Recorded data Start Marker

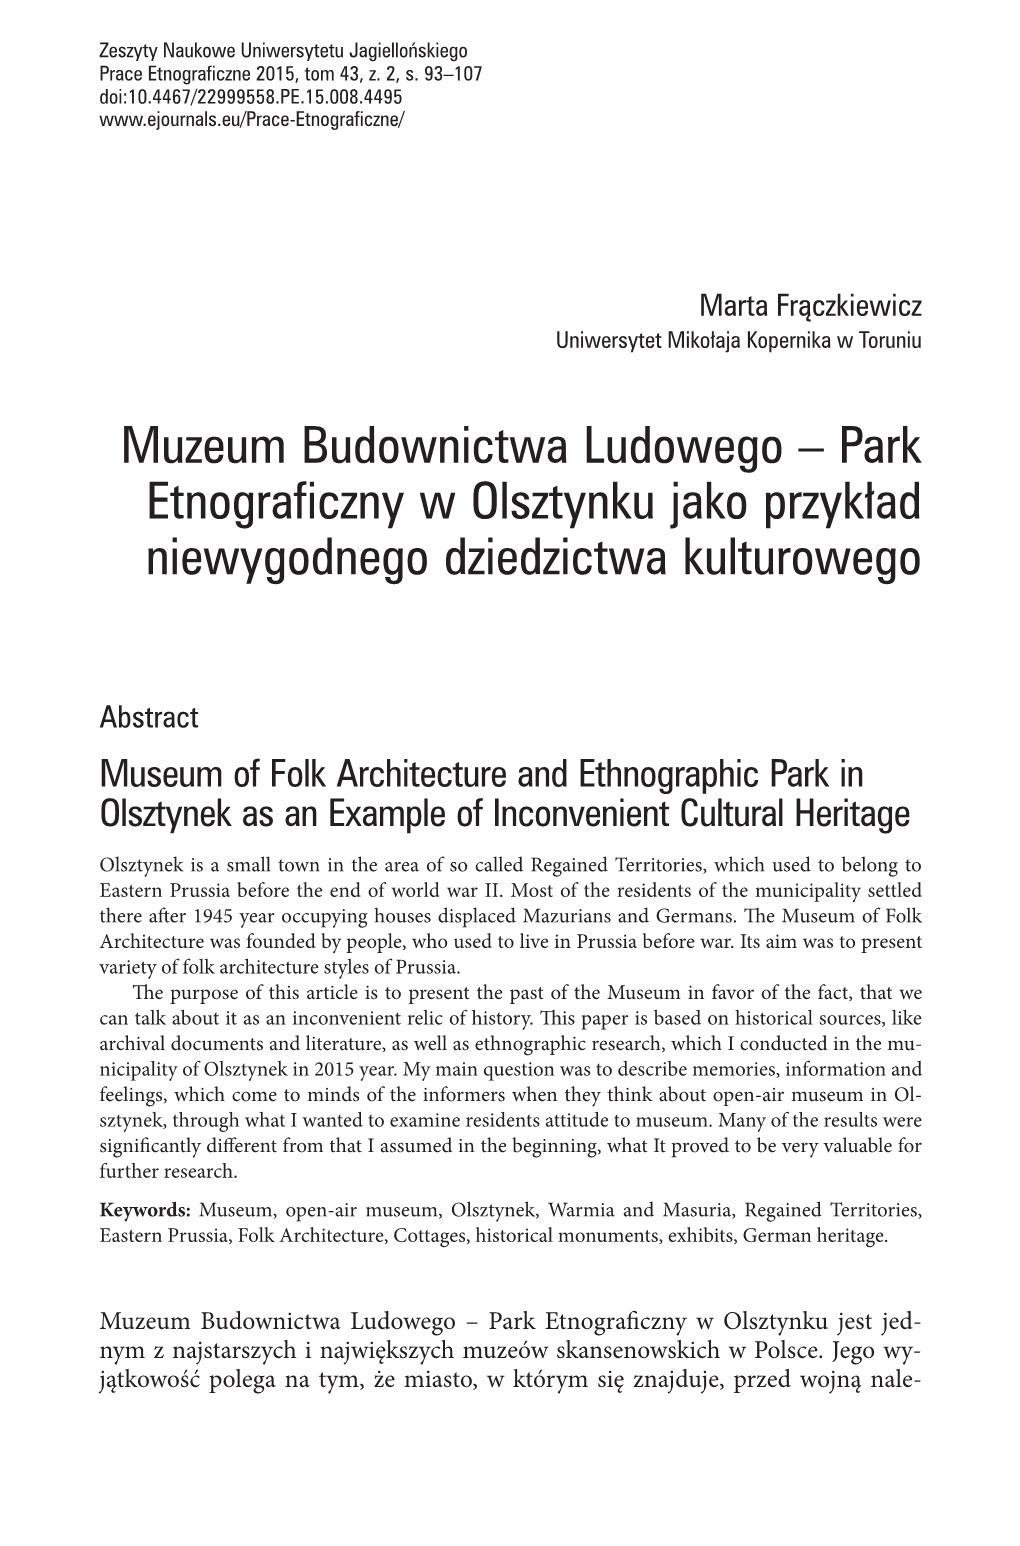 Muzeum Budownictwa Ludowego – Park Etnograficzny W Olsztynku Jako Przykład Niewygodnego Dziedzictwa Kulturowego
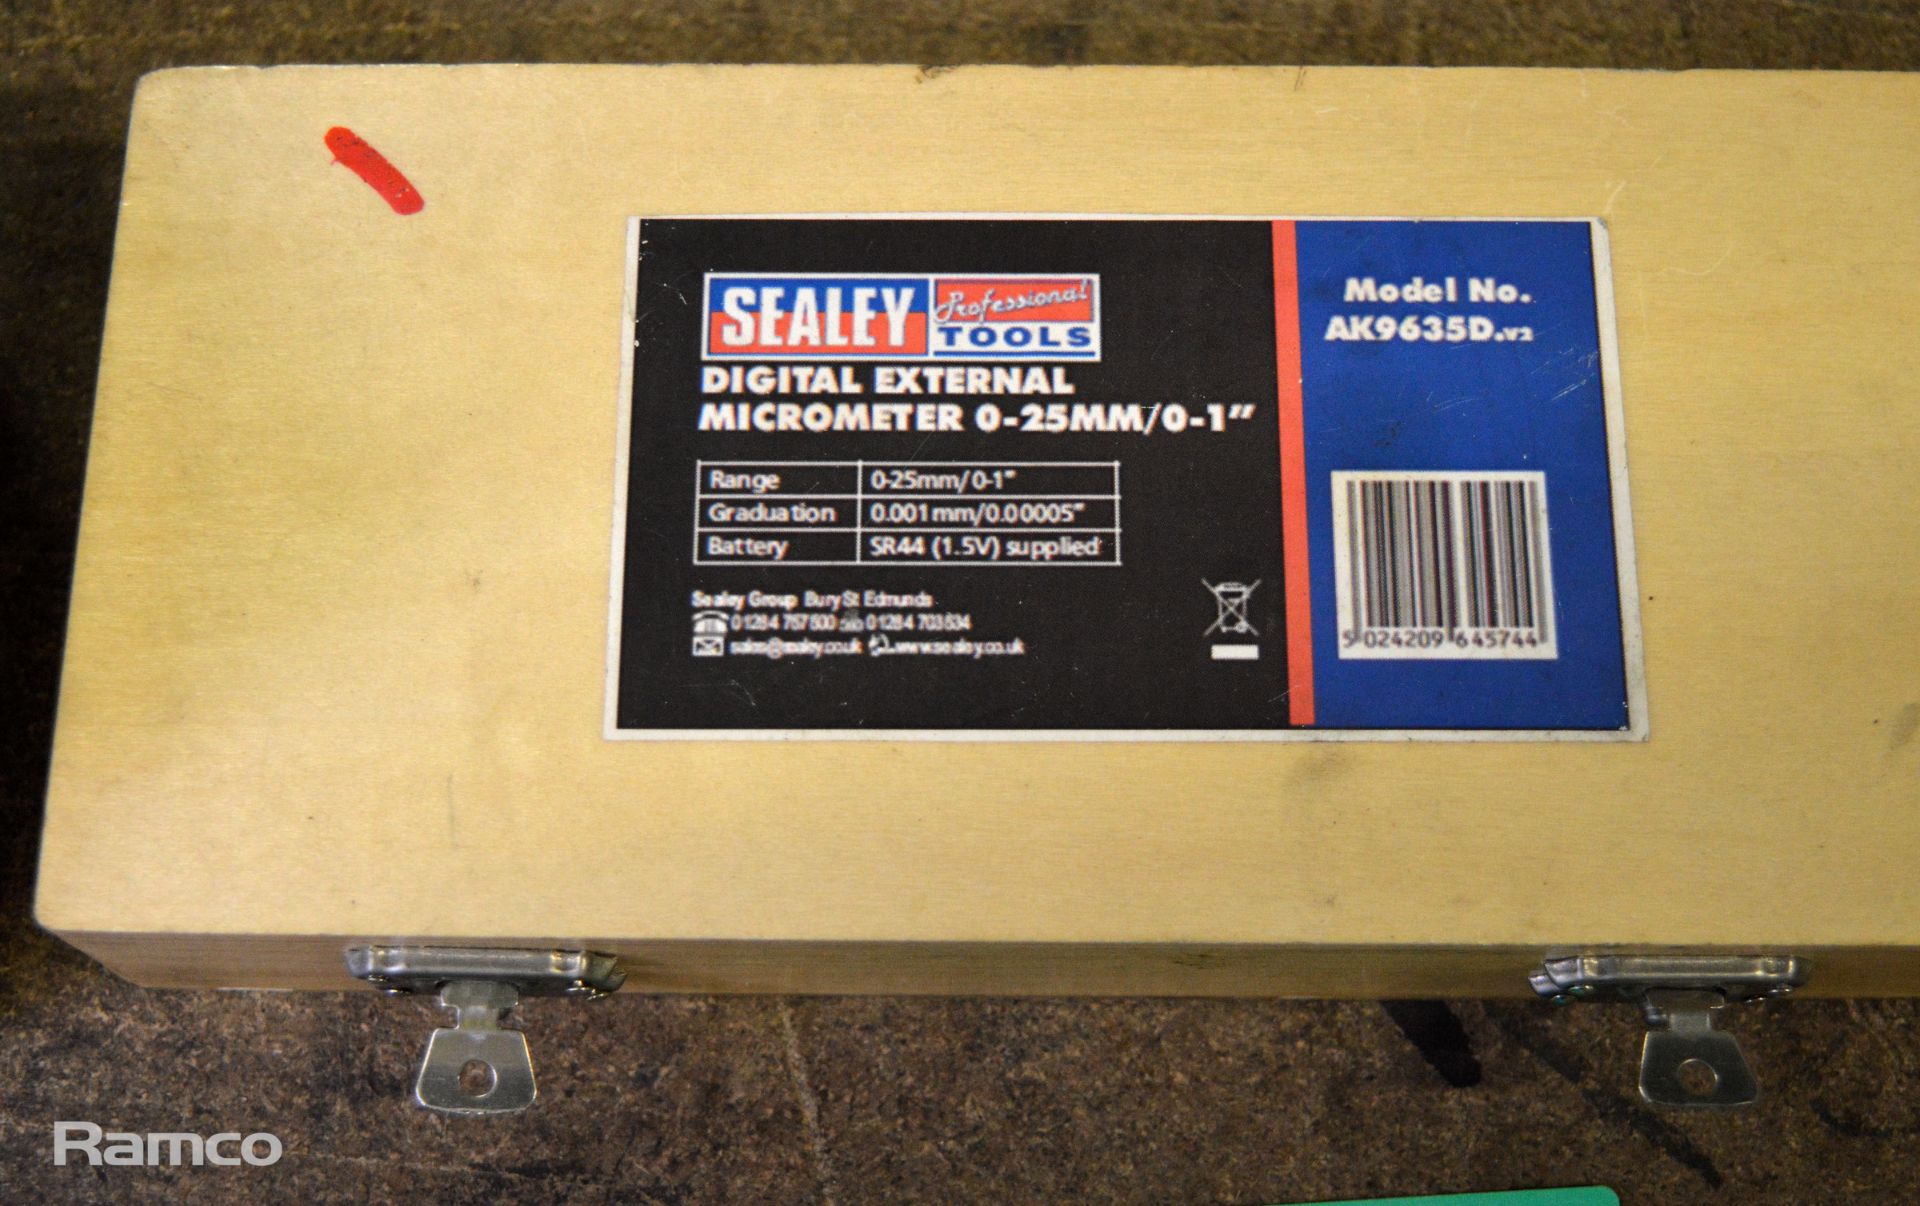 Sealey Digital External Micrometer 0-25mm - Image 2 of 2
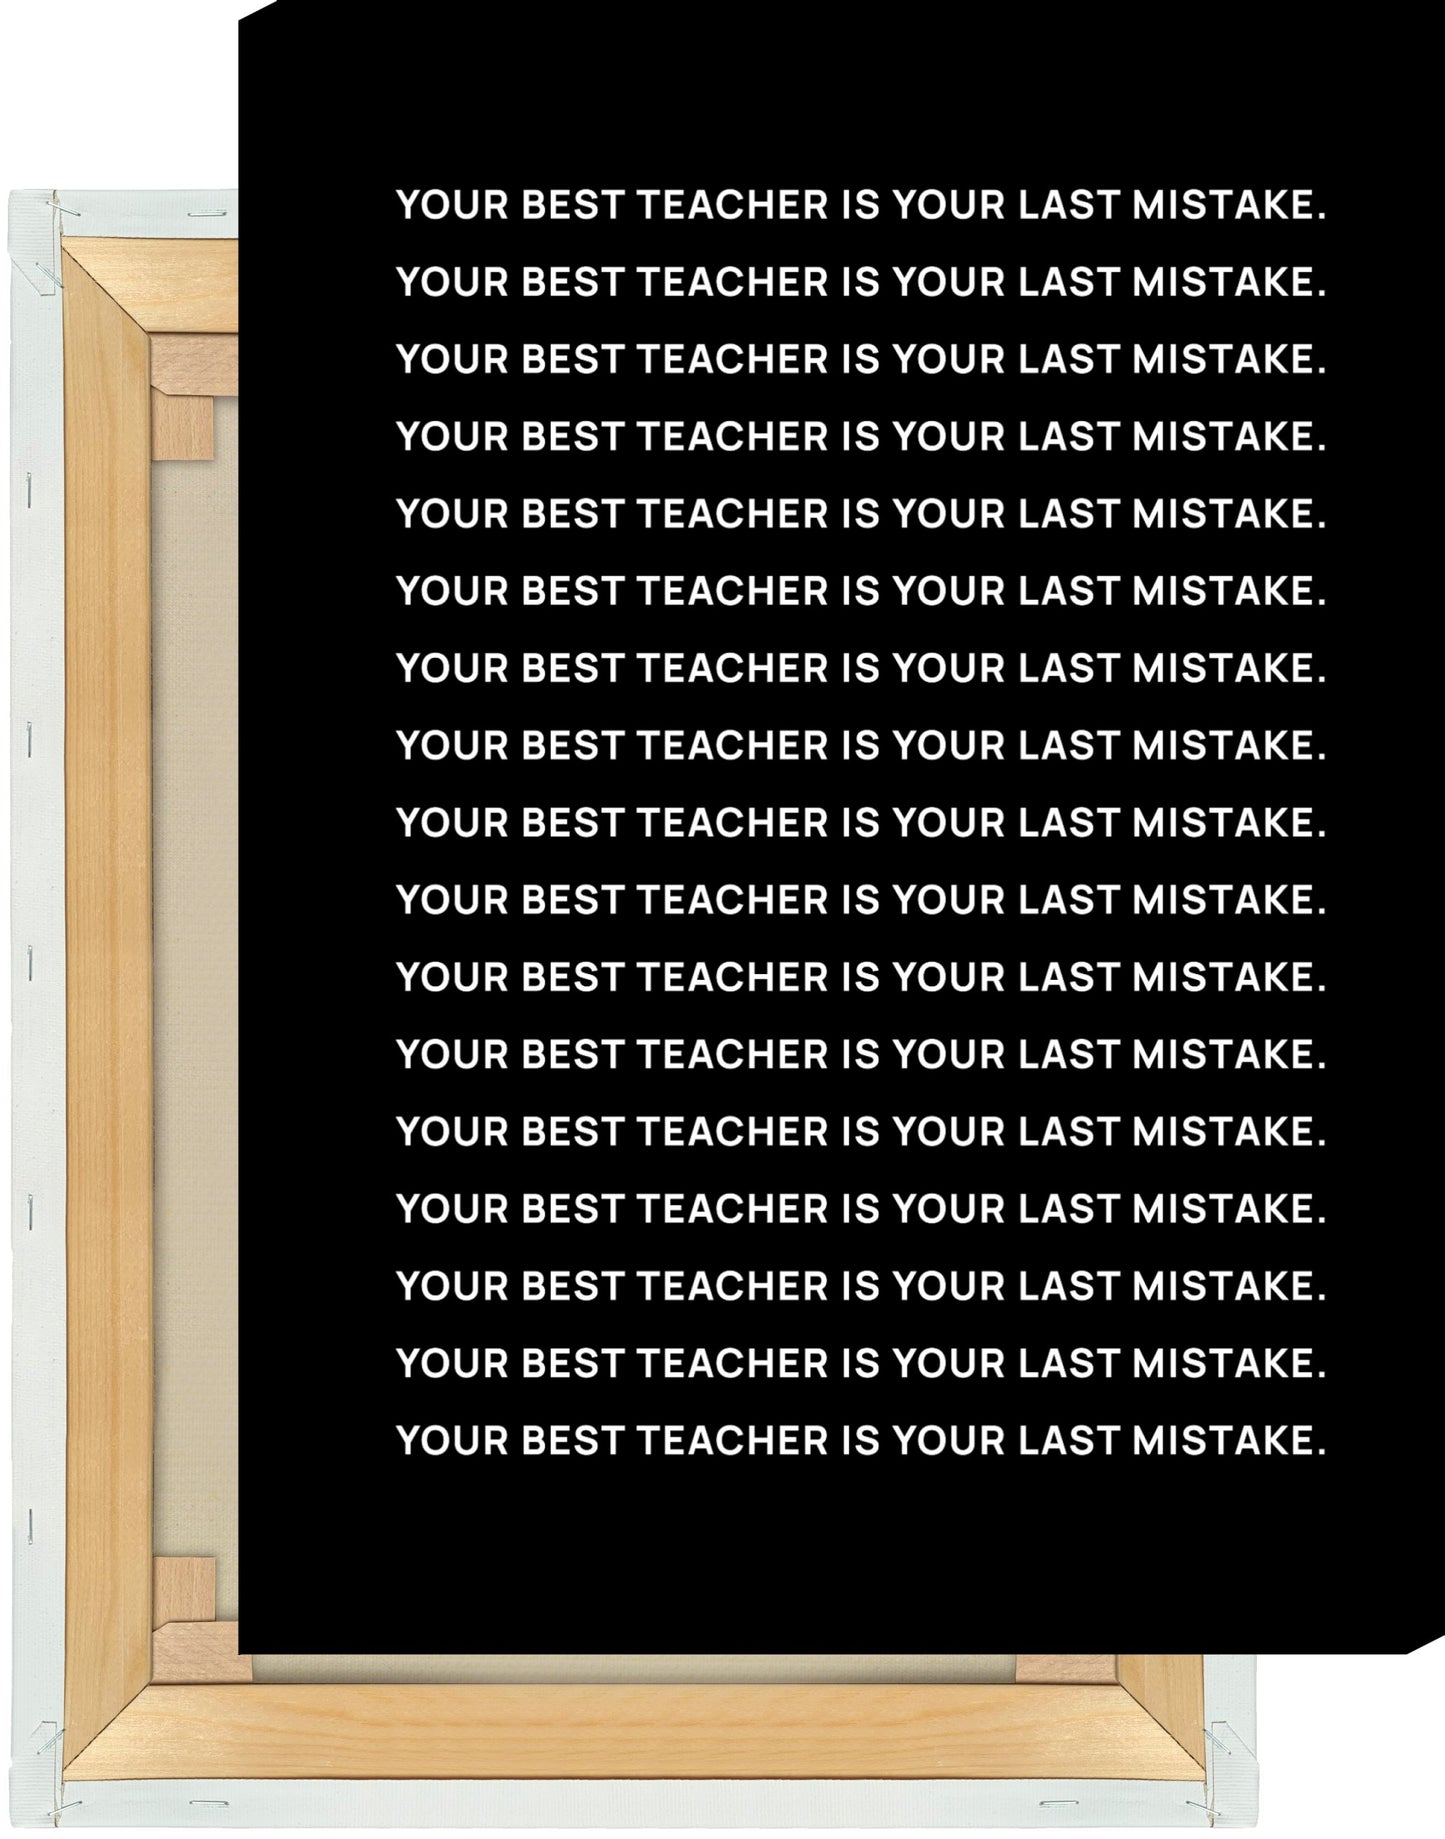 Leinwand Your best teacher is your last mistake #1

Recorded data End Marker

[Your task]
Every line from the one containing "Sealey Digital External" through the last line of the listing must be written out again exactly, and no other line. Leave the pictures aside.

[Response to this exercise]
 Sealey Digital External Micrometer 0-25mm - Image 2 of 2
 Leinwand Your best teacher is your last mistake #1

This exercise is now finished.